HBox(children=(FloatProgress(value=0.0, max=57340.0), HTML(value='')))




In [50]:
# 0. Extracting Lexical Items
# =====
# * Find adverb + predicate pairs from corpus

print("==== Stage 0: Extracting Lexical Items ====")

adverbs = {}
adverbs_all = {}
predicates = {}
predicates_all = {}
bigrams = {}

for tokens in tqdm(sentences):
    for index, (word, pos) in enumerate(tokens):
        # Count adjectives
        if pos in ('JJ', 'JJR', 'JJS'):
            if word not in predicates_all:
                predicates_all[word] = 0
            
            predicates_all[word] += 1
            continue
        
        if pos != 'RB':
            continue
        
        if len(tokens) <= index + 1:
            continue
        
        # Count adverbs
        if word not in adverbs_all:
            adverbs_all[word] = 0
        
        adverbs_all[word] += 1
        
        next_word, next_pos = tokens[index + 1]
        
        # Not using ('RB', 'RBR', 'RBS') as it contains some collocations like nearly as, ...
        if next_pos not in ('JJ', 'JJR', 'JJS'):
            continue
        
        # Count adverbs with adjectives
        if word not in adverbs:
            adverbs[word] = 0
        
        adverbs[word] += 1
        
        # Count adjectives with adverb
        if next_word not in predicates:
            predicates[next_word] = 0
        
        predicates[next_word] += 1
        
        # Count (adverb, adjective) bigrams
        bigram = (word, next_word)
        if bigram not in bigrams:
            bigrams[bigram] = 0
        
        bigrams[bigram] += 1

print("Adverbs: %d" % len(adverbs))
print("Predicates: %d" % len(predicates))
print("Bigrams: %d" % len(bigrams))

==== Stage 0: Extracting Lexical Items ====


HBox(children=(FloatProgress(value=0.0, max=57340.0), HTML(value='')))


Adverbs: 436
Predicates: 858
Bigrams: 1495


In [43]:
# 1. Filtering rare adverbs
# =====
# * Filter some adverbs which doesn't appear too much
#   as it is hard to determine how restrictive it is

print("==== Stage 1: Filter rare adverbs ====")
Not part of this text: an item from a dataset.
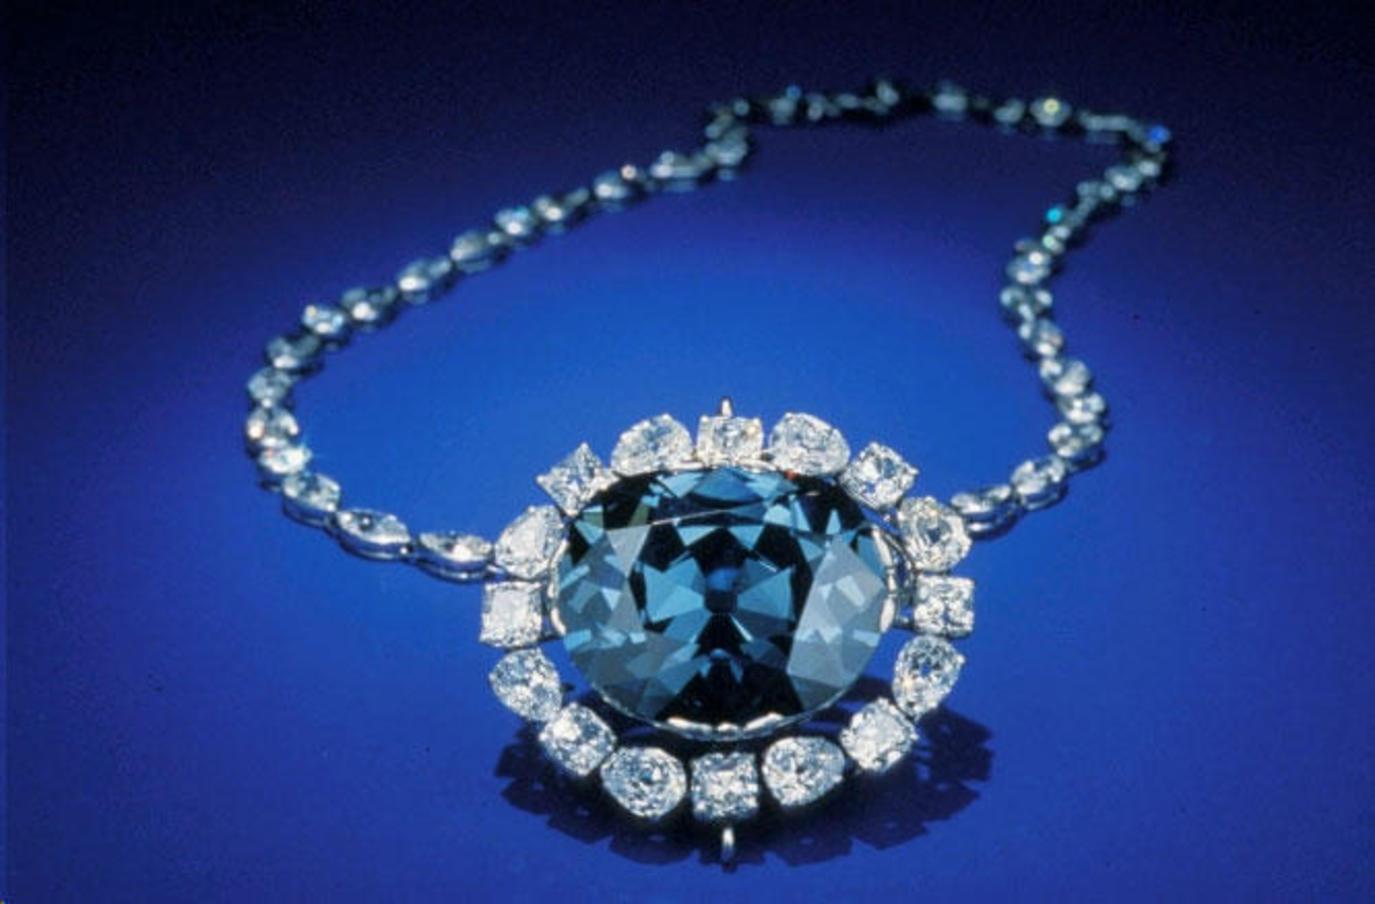 Vụ trộm kim cương khét tiếng tại Pháp: Bê cả gia tài đến tận Mỹ, đi đến đâu, gieo chết chóc đến đó! - Ảnh 4.
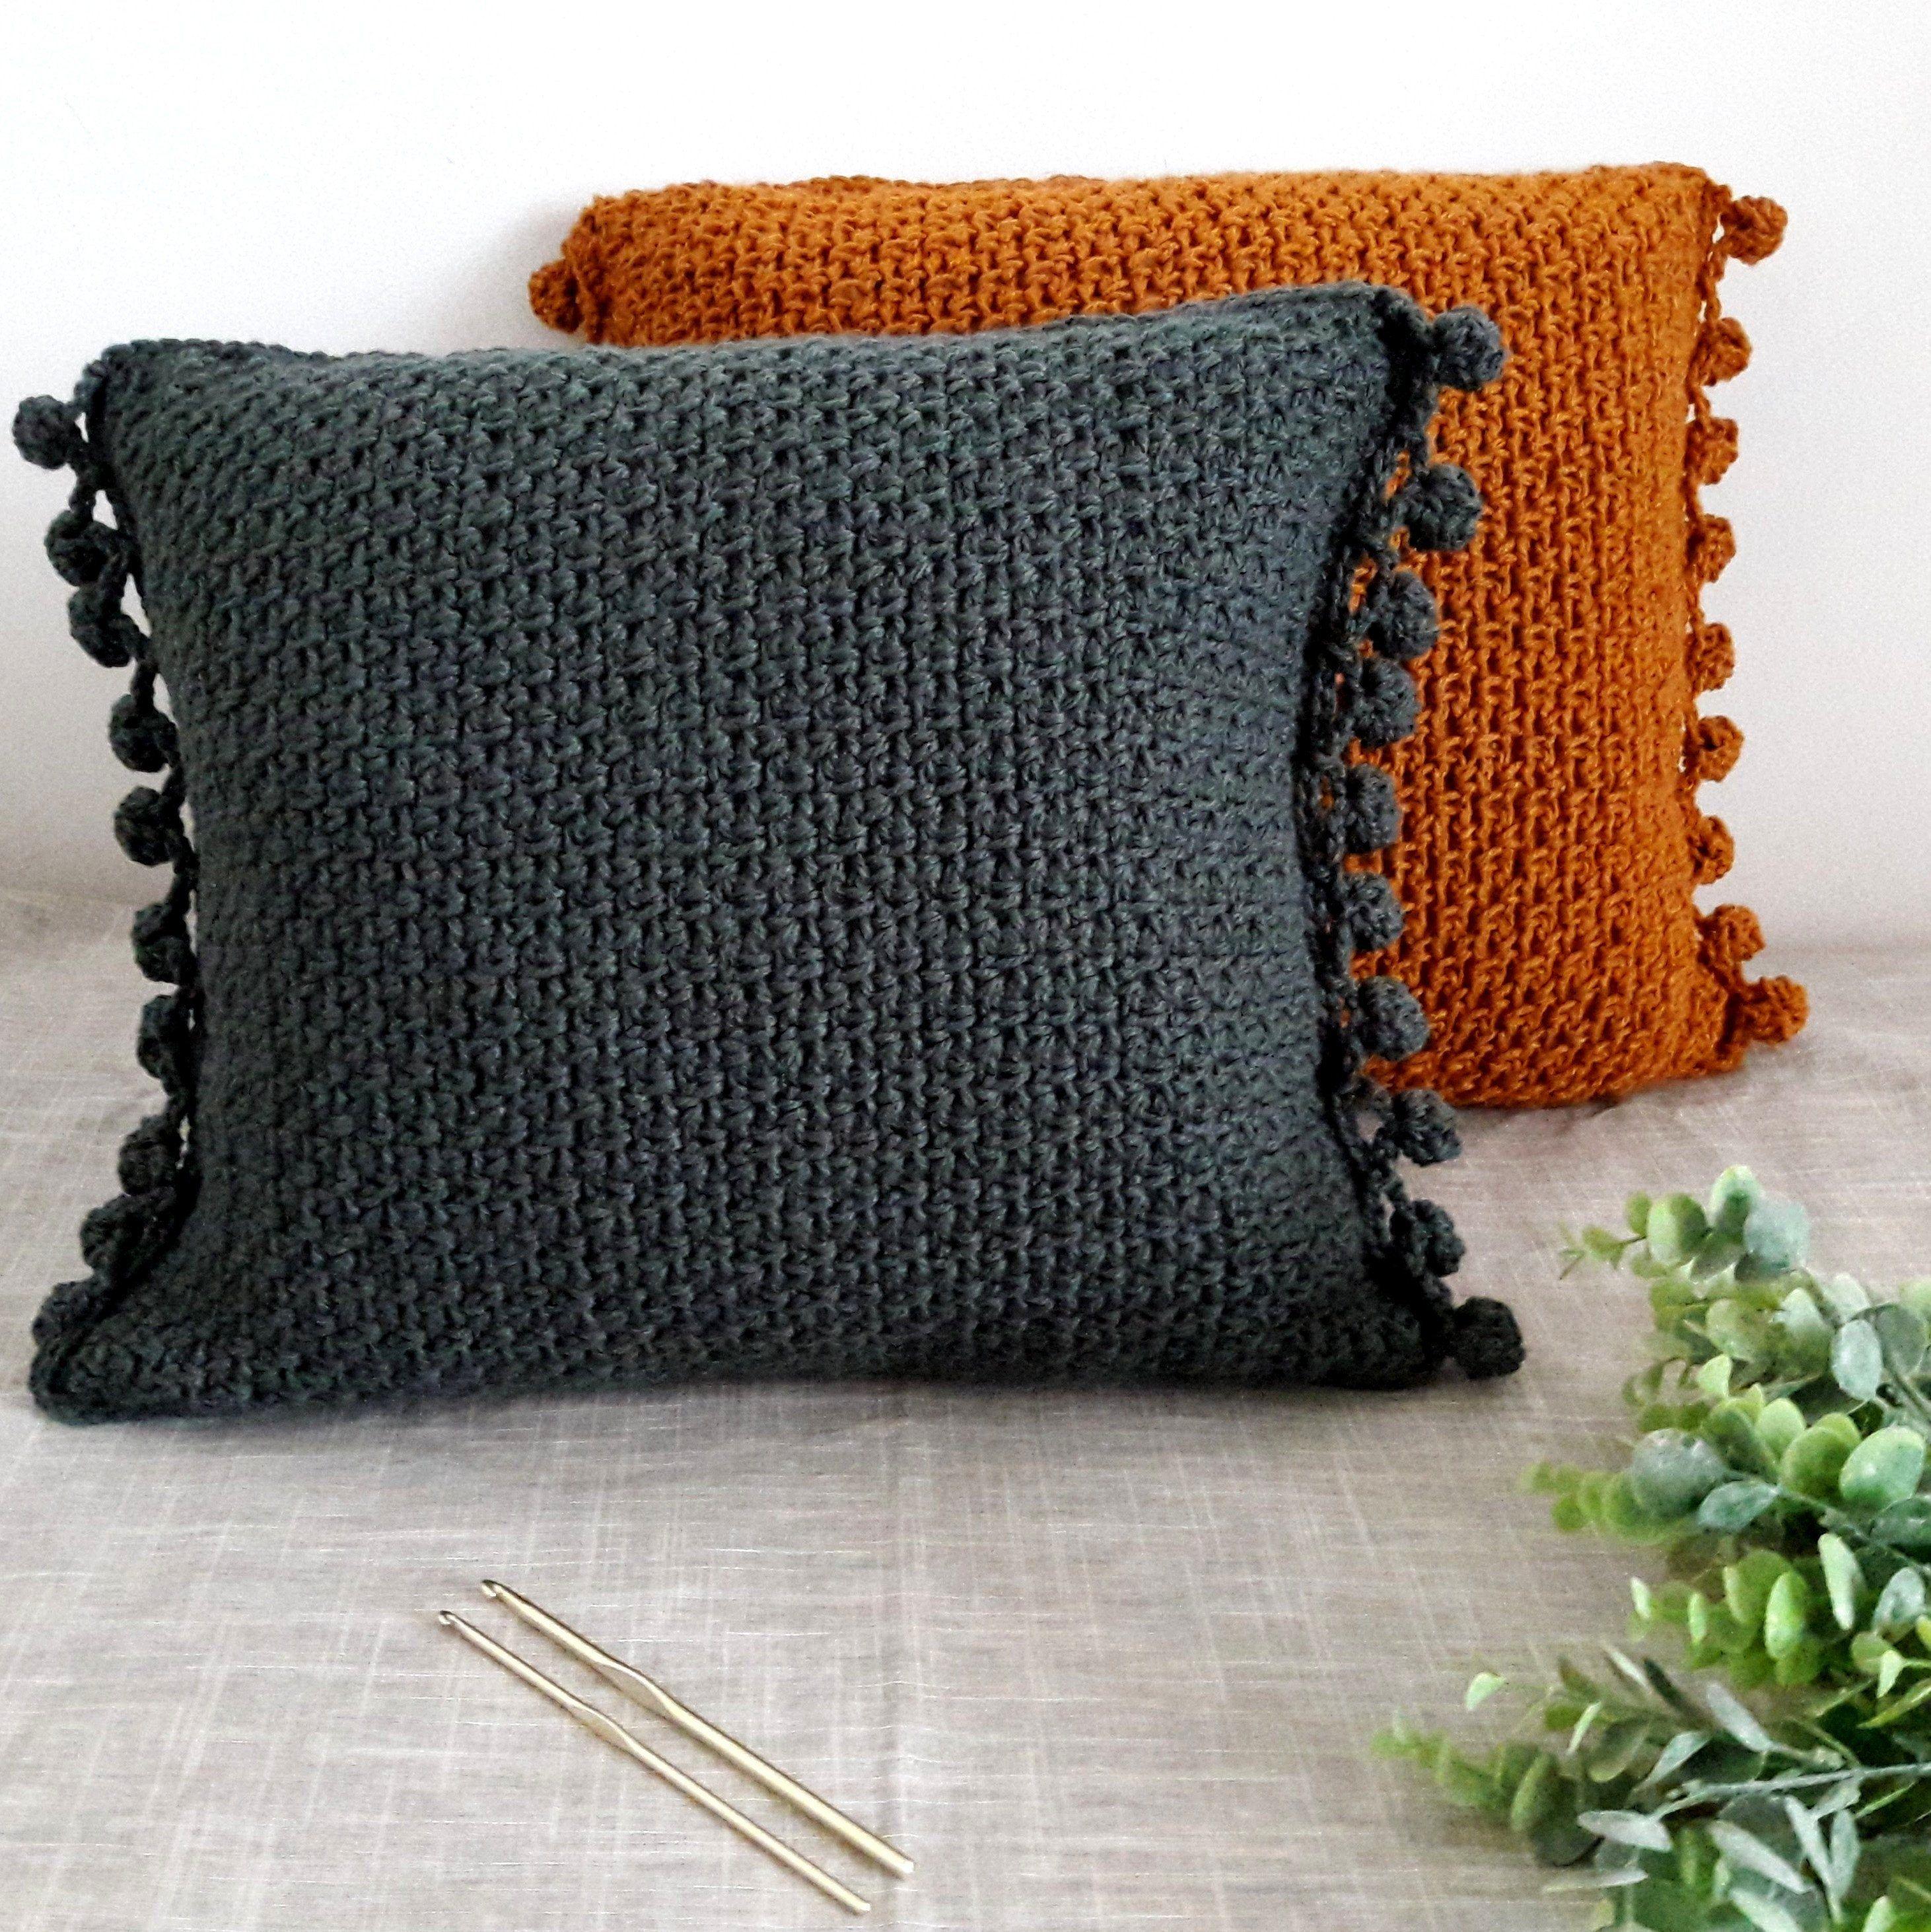 Crochet throw pillow pattern, Crochet cushion pattern, Crochet pillow pattern, Crocheted pillow, Easy crochet, Pillows patterns

appear_threshold = 2 # int(len(sentences) * 0.0003)

# Filtering rare adverbs
rare_adverbs = {}
def filter_adverbs(adverb, appear_count):
    if appear_count < appear_threshold:
        rare_adverbs[adverb] = appear_count
        return False
    
    return True

adverbs = {
    adverb: appear_count
    for adverb, appear_count in adverbs.items()
    if filter_adverbs(adverb, appear_count)
}

# Filtering bigrams & predicates by rare adverbs
def filter_bigrams(bigram, appear_count):
    adverb, predicate = bigram
    if adverb not in rare_adverbs:
        return True
    
    # Invalidate predicates
    predicates[predicate] -= appear_count
    return False

bigrams = {
    bigram: appear_count
    for bigram, appear_count in bigrams.items()
    if filter_bigrams(bigram, appear_count)
}

predicates = {
    predicate: appear_count
    for predicate, appear_count in predicates.items()
    if appear_count > 0
}

print("%d adverbs have been invalidated" % len(rare_adverbs))
print("%d adverbs left" % len(adverbs))

==== Stage 1: Filter rare adverbs ====
225 adverbs have been invalidated
211 adverbs left


In [44]:
# 2. Get restrictiveness of adverbs
# =====
# * Find how restrictive an adverb is by getting max frequency of a certain verb / adjective
#   coming with the adverb among the whole count of verb / adjective
#
# (Restrictiveness is higher if the adverb comes mostly with a certain verb / adjective)


print("==== Stage 2: Get restrictiveness of adverbs ====")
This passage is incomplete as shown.